10. The method of claim 1, further comprising:
generating a targeted training recommendation for a specific employee of the store based on an association between shrink incidents and the specific employee.
11. The method of claim 1, further comprising:
adjusting transaction processing rules or security measures based on current risk assessments provided by the shrink risk factor MLM.
12. A method, comprising:
receiving historical transaction data and security data from a store;
training a shrink risk factor machine learning (MLM) using the historical data to identify patterns associated with shrink events and generate risk factors;
training a shrink mitigation recommendation MLM on the risk factors to generate prescriptive actions;
receiving real-time data from at least one store system during store operations;
processing the real-time data using the shrink risk factor MLM to identify at least one current risk factor;
generating, by the shrink mitigation recommendation MLM, at least one prescriptive action to mitigate the at least one current risk factor; and
providing the at least one prescriptive action to the at least one store system via an application programming interface (API).
13. The method of claim 12, wherein training the shrink risk factor MLM further includes labeling historical data with known shrink events and associated risk factors and configuring the shrink risk factor MLM to output labeled risk factors when provided with input data associated with the historical data.
14. The method of claim 12 wherein training the shrink recommendation MLM further includes creating training examples comprising sets of shrink risk factors paired with corresponding effective prescriptive actions and adjusting parameters of the shrink mitigation recommendation MLM to reduce deviations between predicted prescriptive actions and known effective prescriptive actions.
15. The method of claim 12, wherein receiving the real-time data further includes obtaining video analytics from at least one computer vision application processing at least one store camera feed and receiving transaction data from point-of-sale terminals and self-service terminals of the store.
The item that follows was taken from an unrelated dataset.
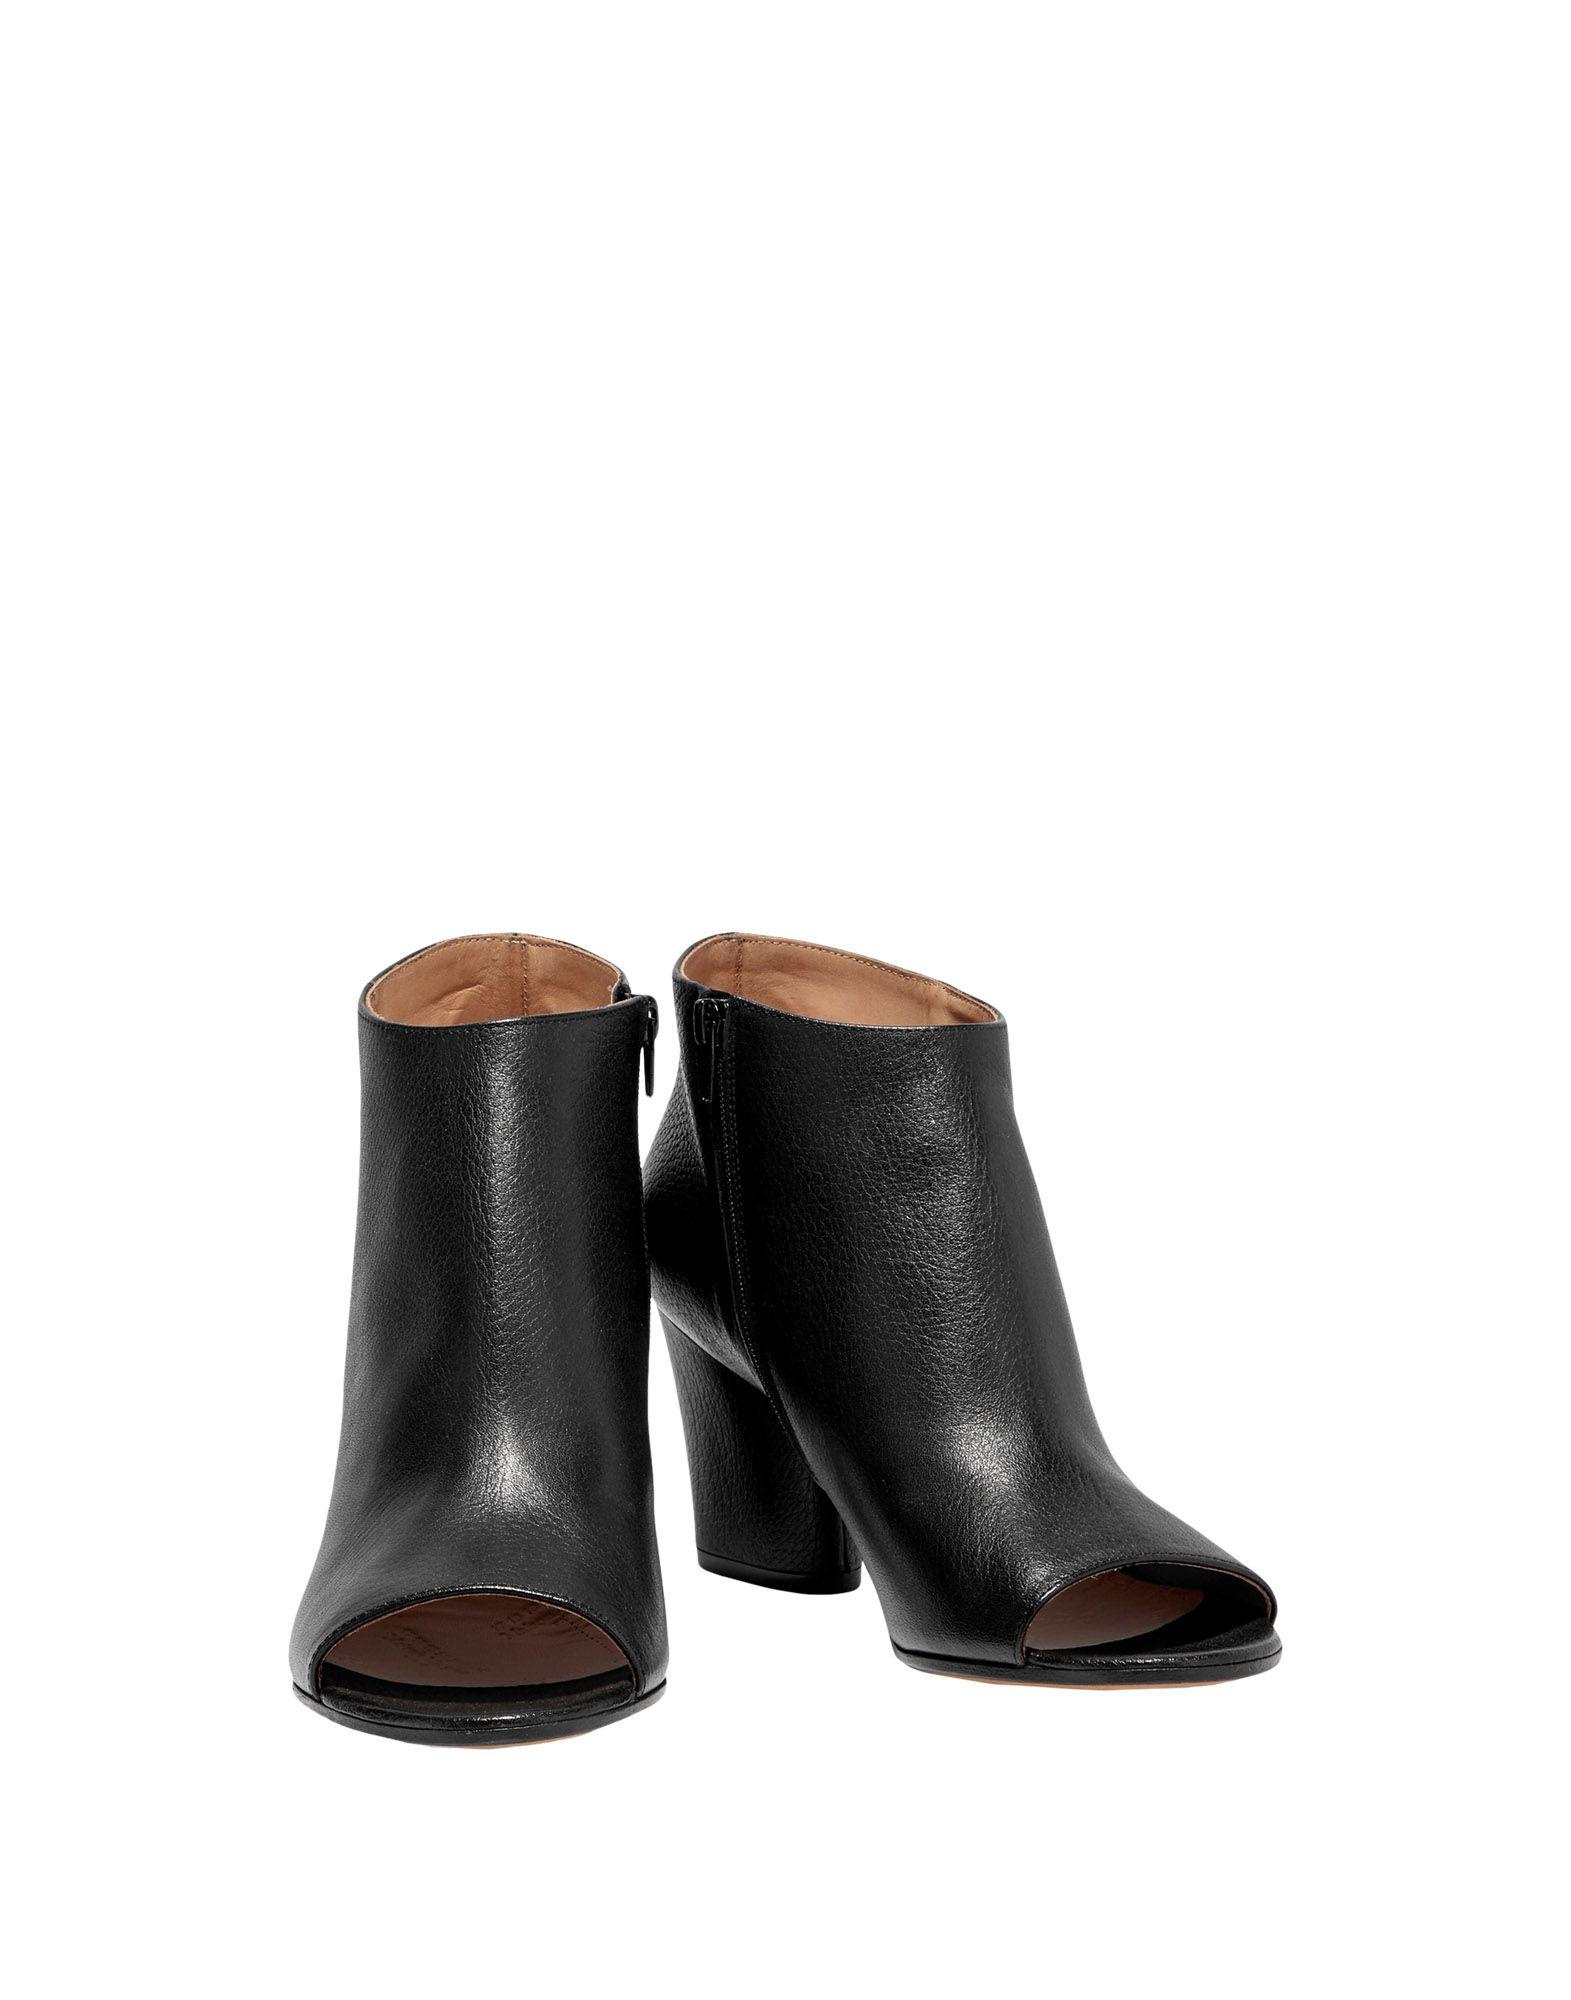 Maison Margiela Stiefelette Damen  11515084WQ Neue Schuhe
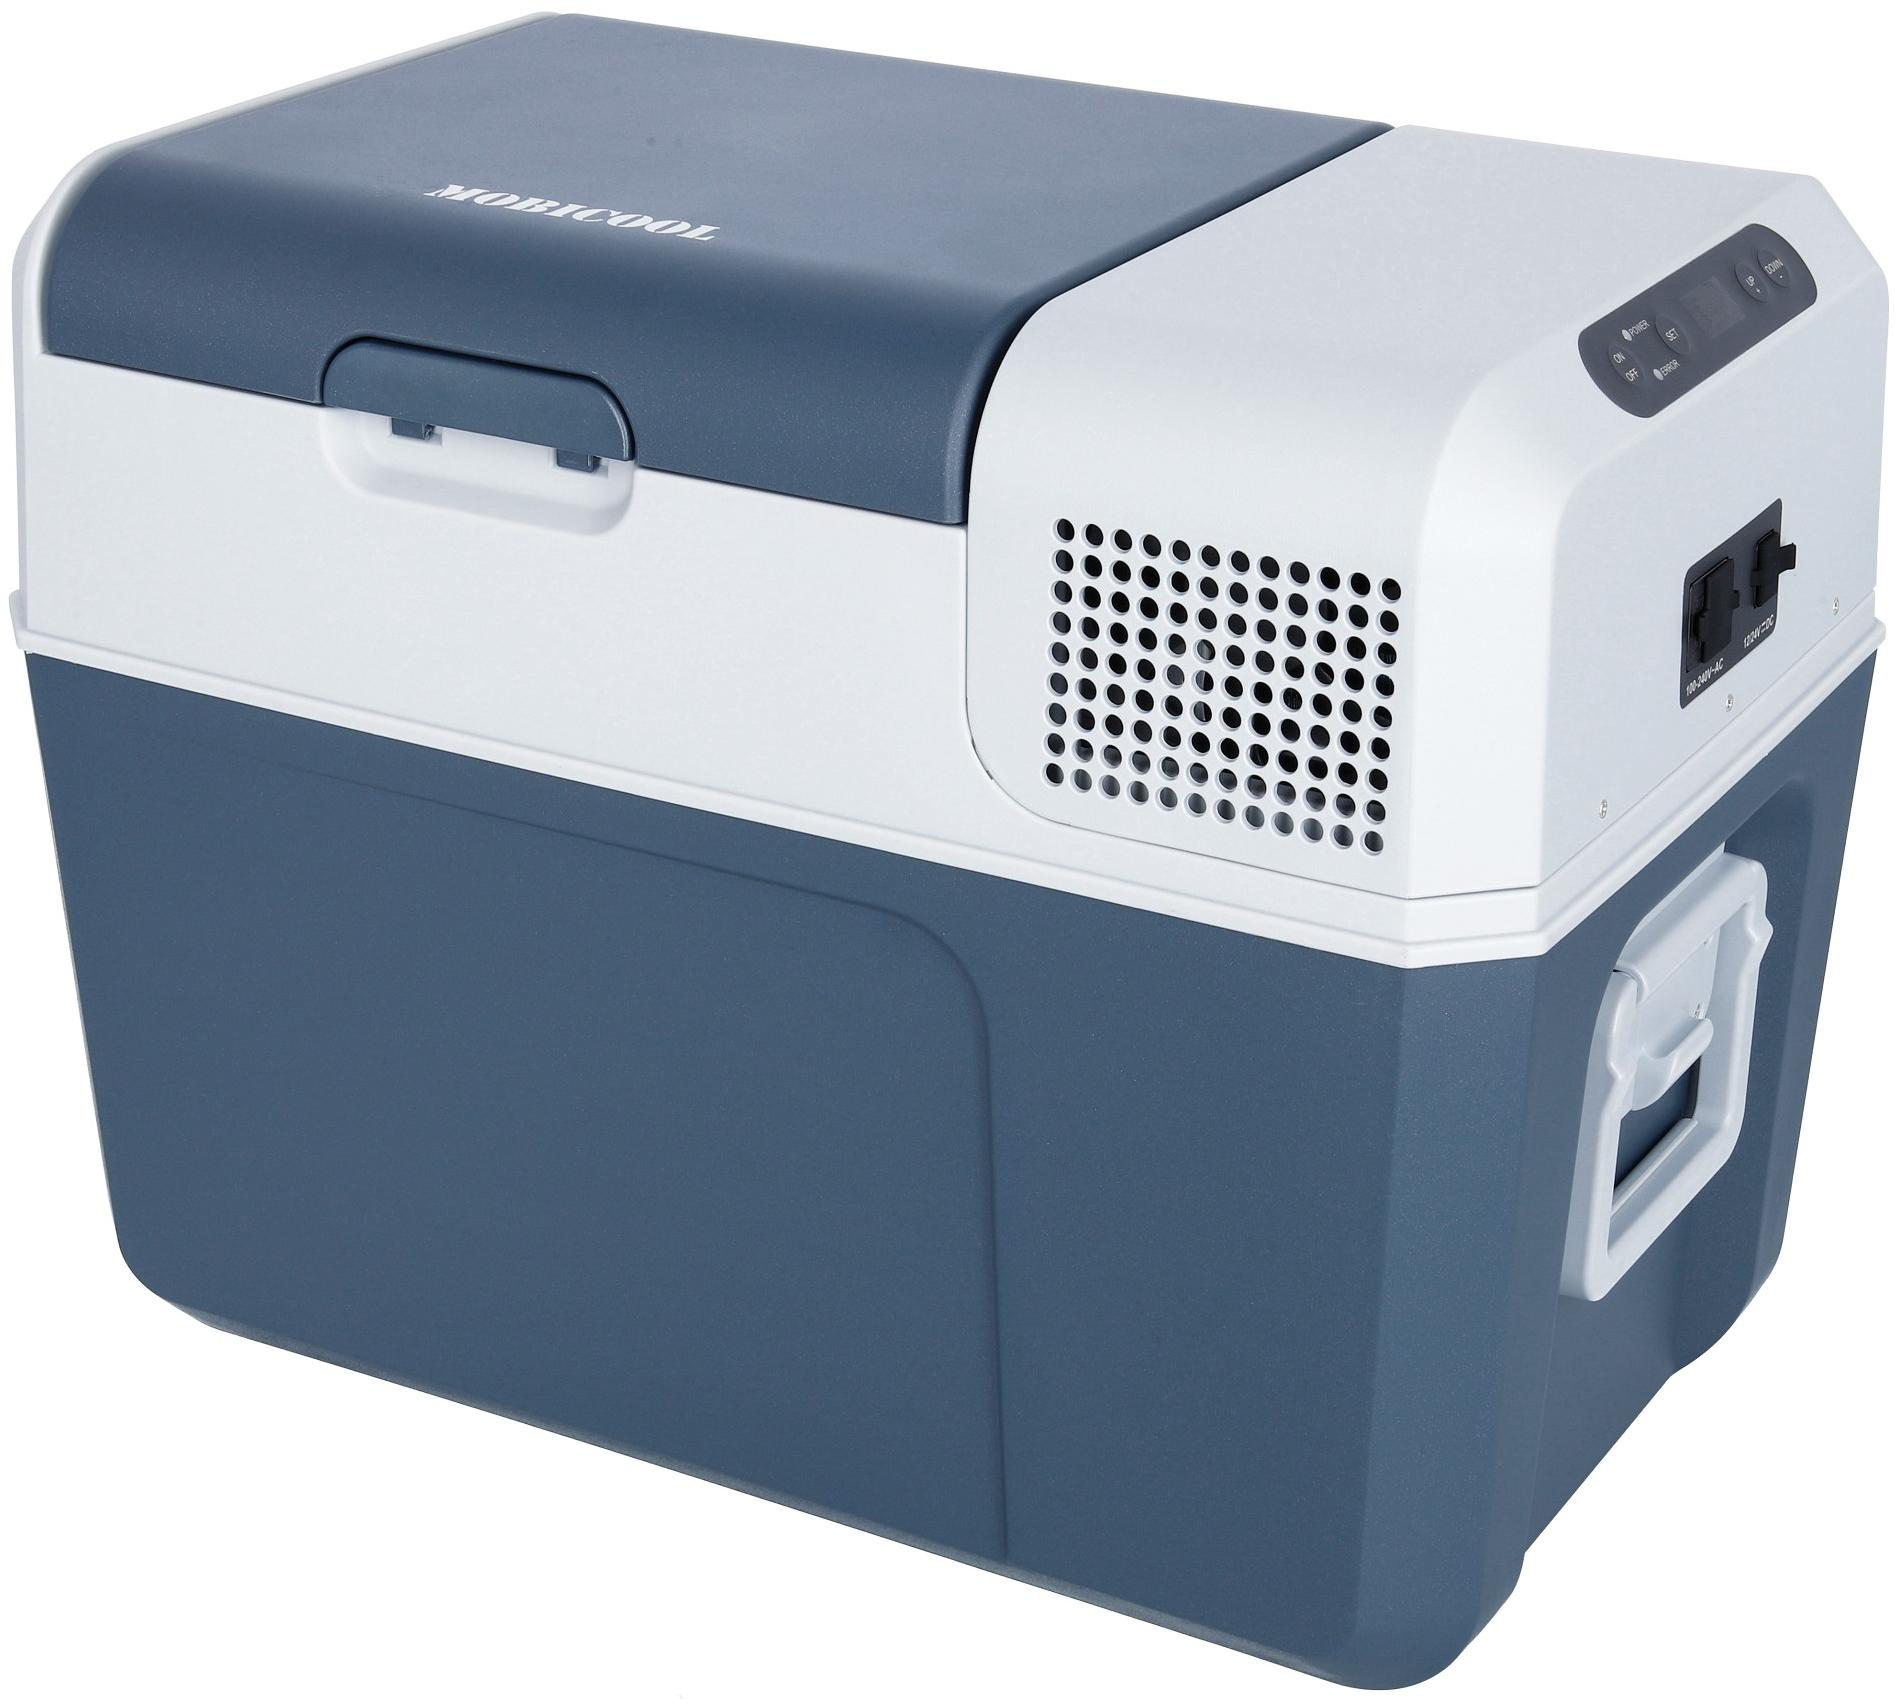 Kompressor-Kühlbox Mobicool FR40 fürs Wohnmobil

16. The method of claim 12, wherein processing further includes analyzing a behavior pattern of a customer, an attendant, or a cashier at a terminal in the store to identify a potential unintentional shrink event.
17. The method of claim 12, wherein generating further includes tailoring the at least one prescriptive action based on at least one store-specific factor.
18. The method of claim 12, further comprising:
monitoring an effectiveness of an implementation of the at least one prescriptive action; and
updating both the shrink risk factor MLM and the shrink mitigation recommendation MLM based on a monitored effectiveness.
19. A system, comprising:
a cloud server comprising:
a shrink risk factor machine learning (MLM) configured to process real-time store data and output shrink risk factors;
a shrink mitigation recommendation MLM configured to generate prescriptive actions based on the shrink factors; and
an application programming interface (API) configured to provide the prescriptive actions to at least one store system of a store;
wherein the cloud server is configured to perform operations comprising:
receiving historical and real-time data from at least one store computer vision application and a store transaction system;
continuously updating the shrink risk factor MLM and the shrink mitigation recommendation MLM based on effectiveness of implemented prescriptive actions at the store; and
providing at least one real-time shrink prevention action generated by the shrink mitigation recommendation MLM to the at least one store system during an ongoing transaction at the store.
20. The system of claim 19, wherein the shrink risk factor MLM is further configured to:
analyze behavior patterns of cashiers, attendants, and customers at terminals of the store; and
identify potential unintentional shrink events based on detected struggles with scanning items or navigating terminal interfaces during transactions at the terminals.